By Deborah Borfitz
March 24, 2008 | Patient recruitment and site selection expert Provisio Inc. has a new service to help trial-sponsoring companies better assess protocol feasibility -- line by line and patient by patient.
The company’s mammoth iTrials Data Universe contains information from more than 500,000 physicians with unique diagnoses/treatment histories on roughly 60 million patients. “Our data sources include EMR [electronic medical records], claims data, prescription and lab information, 1572 records, and other descriptive information such as physician profiles and referral patterns,” says Mike Hassell, CEO of Provisio.
Using proprietary weighting and scoring methodologies, eligible candidates for a protocol get ranked and stratified in order of confidence, says Hassell. Patient-level data is connected across multiple sources but “de-identified” as required by the Health Insurance Portability and Accountability Act.
Assessing protocol feasibility is a bit like fishermen who use a bass meter to help locate fish of a certain type, age, and size, says Hassell. iTrials searches its “virtual environment” to learn how many there are and where to look for them.
Whether enough patients will enroll in a protocol is a notoriously perplexing question, as enrollment goals are missed 80 percent of the time, says Hassell.

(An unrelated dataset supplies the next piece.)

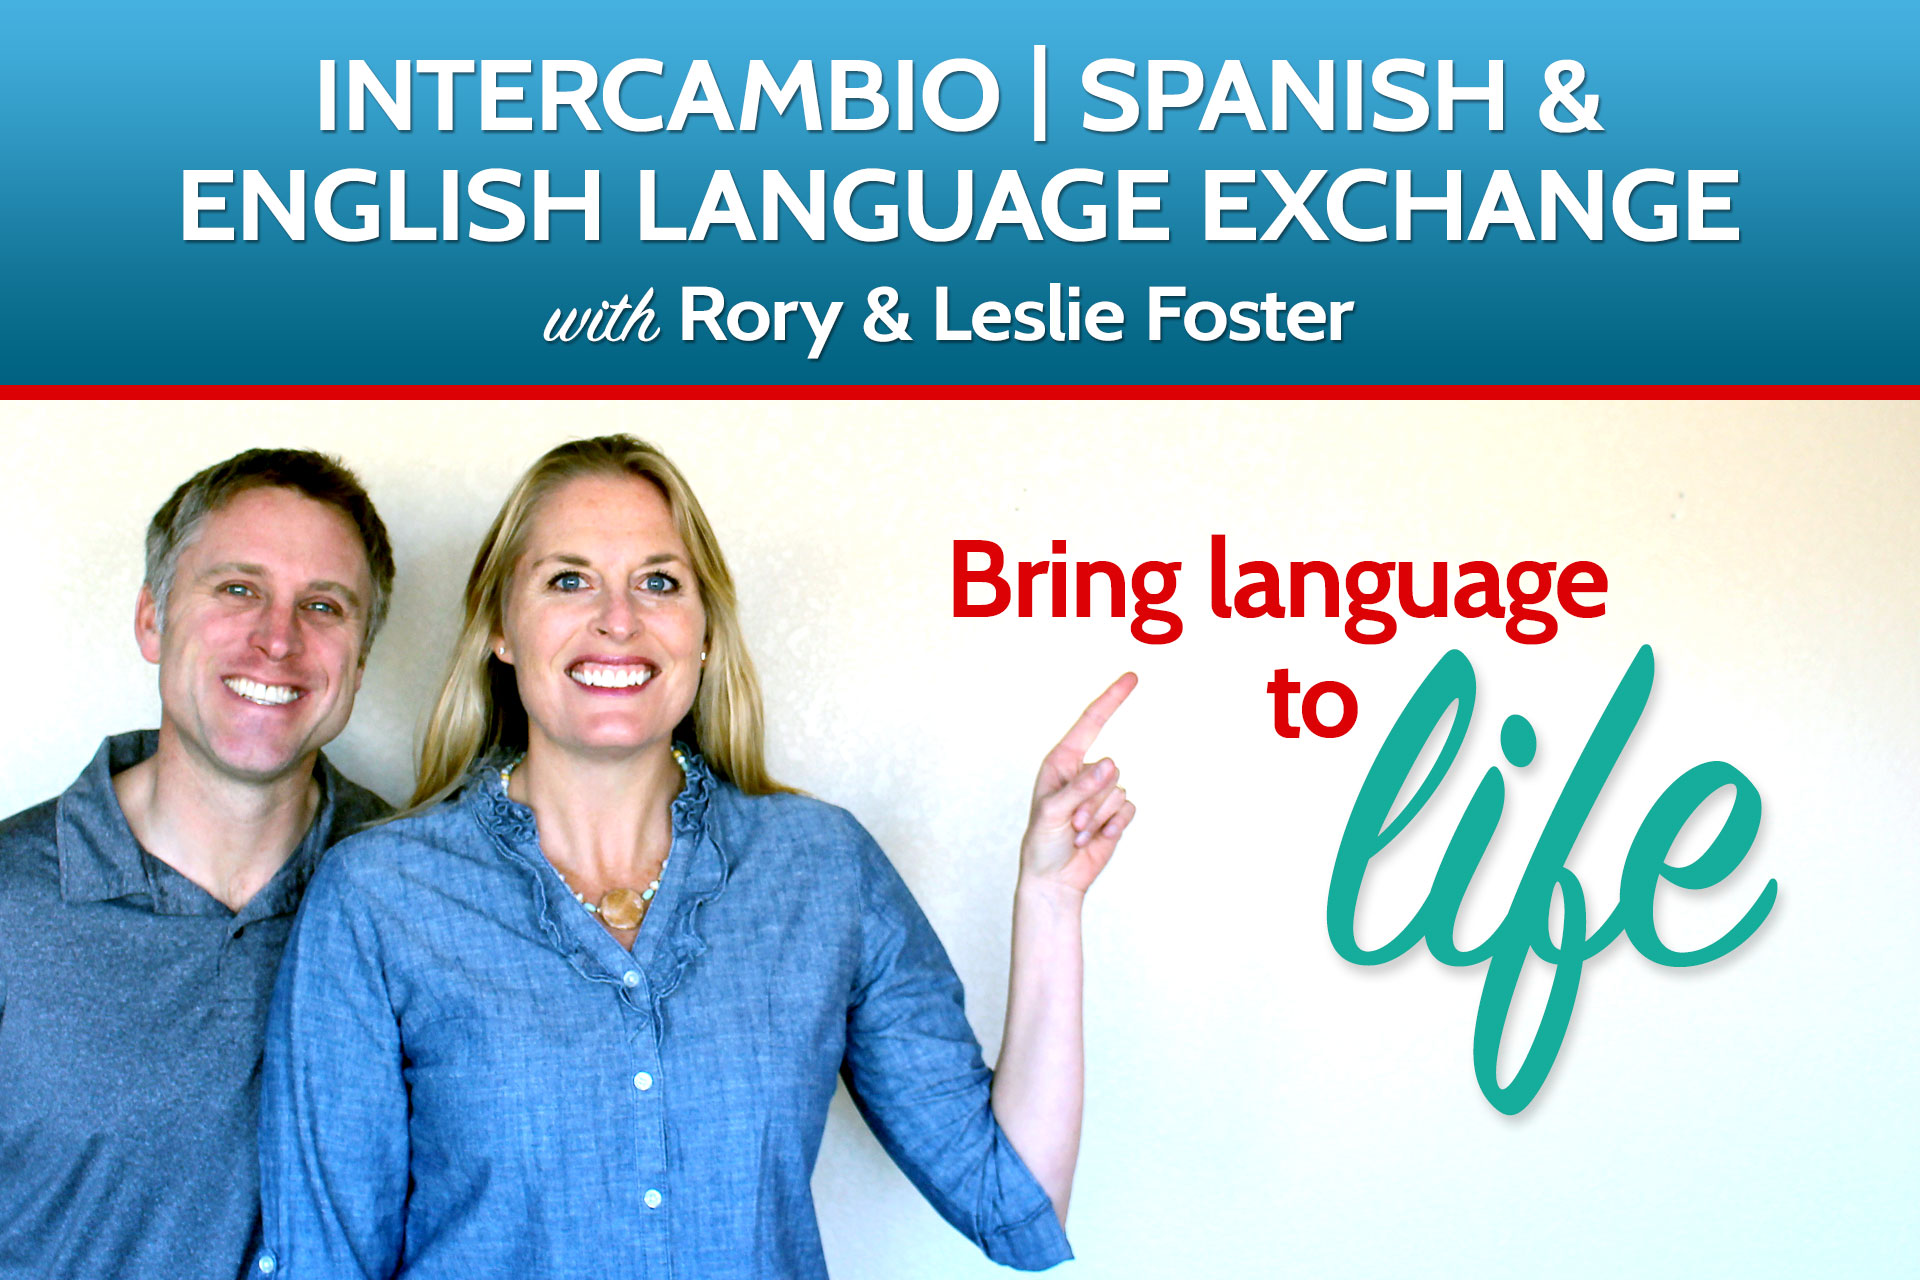 Spanish – English Practice Group: Online Intercambio Language Exchange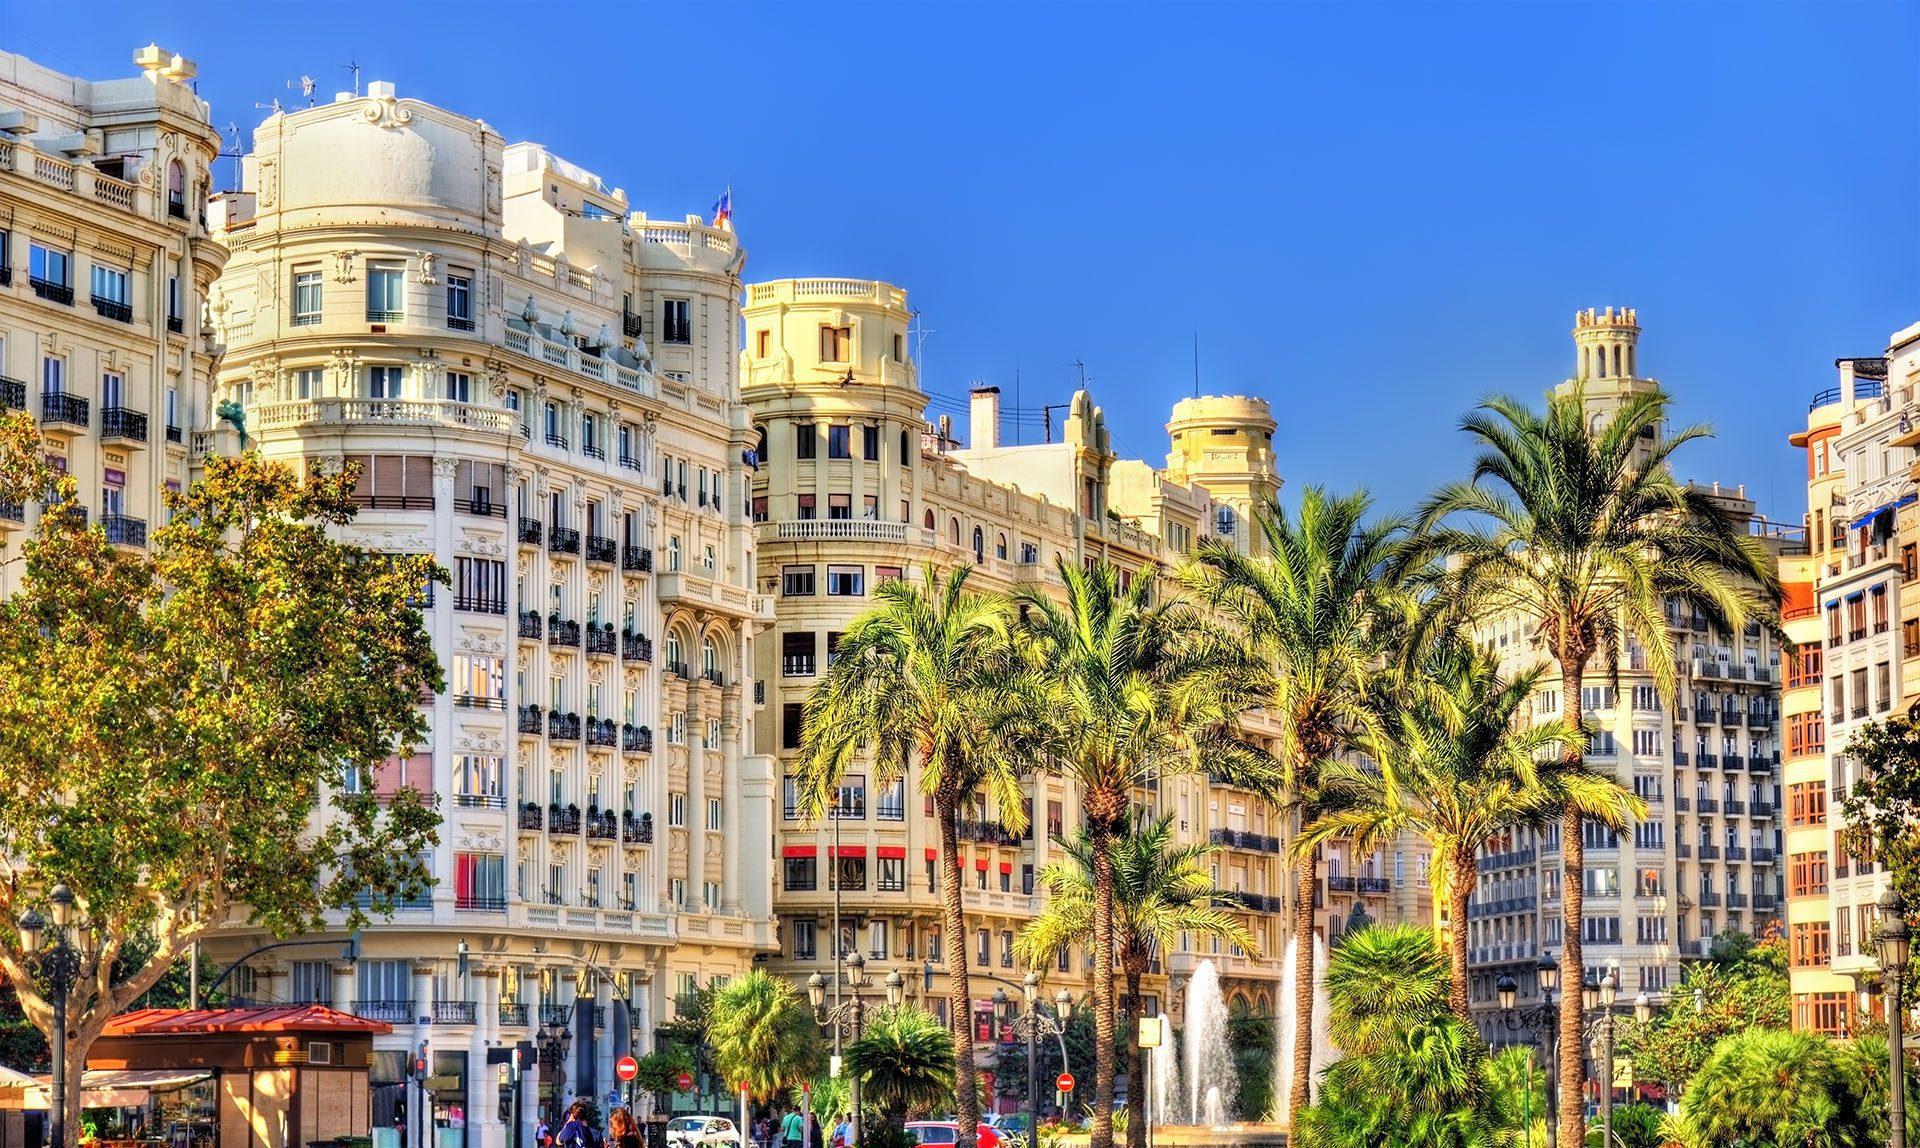 Visite gay de Valence

Companies end up spending millions of dollars and years of time on untenable protocols.
One customer was shown that the mortality rate for a pediatric condition was so high that few patients are available in a study’s targeted age range, says Hassell. Another trial sponsor learned it could triple the eligible patient pool by enlarging the age range by ten years.
In some cases, exclusion criteria disproportionately affect the gender makeup of the patient pool, says Hassell. Some time ago, Provisio uncovered obstetrician-gynecologists as an unexpected source of schleroderma patients needed for a treatment study. “The incidence rate is high for women and the OB/GYNs basically were treating the symptoms of this incurable disease.”
Patients’ proximity to an investigative site tends to be an even bigger issue than either age or gender, says Hassell. “People don’t want to travel 30 to 50 miles for a protocol, especially the sickest ones.”
Protocol feasibility has no widely accepted definition or boundaries, says Hassell. The trick is to “ask the right questions of the data. Every project is its own.”
Using data is a key alternative to surveys of physicians’ “intuition,” which is neither actionable nor particularly reliable, says Hassell. “Doctors tend to overestimate how many people they have for a trial.”
The goal of the iTrials Data Universe is to “increase the size, scope, and depth of data” solely for the purpose of improving clinical trial success, says Hassell. “The longer we go, the more experience we’ll have with different physician offices.” That will provide yet more insights about clinical trial risks before companies make significant recruiting investments.
The new iTrials service can be purchased alone or as a “preliminary step to a larger site selection and recruitment project,” as has already been done for several large pharmaceutical companies, says Hassell. iTrials can suggest “intelligent locations” to hold trials, forecast a recruitment timeline, and assess enrollment probabilities. Provisio also will recruit physicians of targeted patients to be investigators.
Cost of the iTrials service is “five figures, high or low depending on what’s needed,” says Hassell. “It can grow far into six figures if we also do site selection and recruitment.”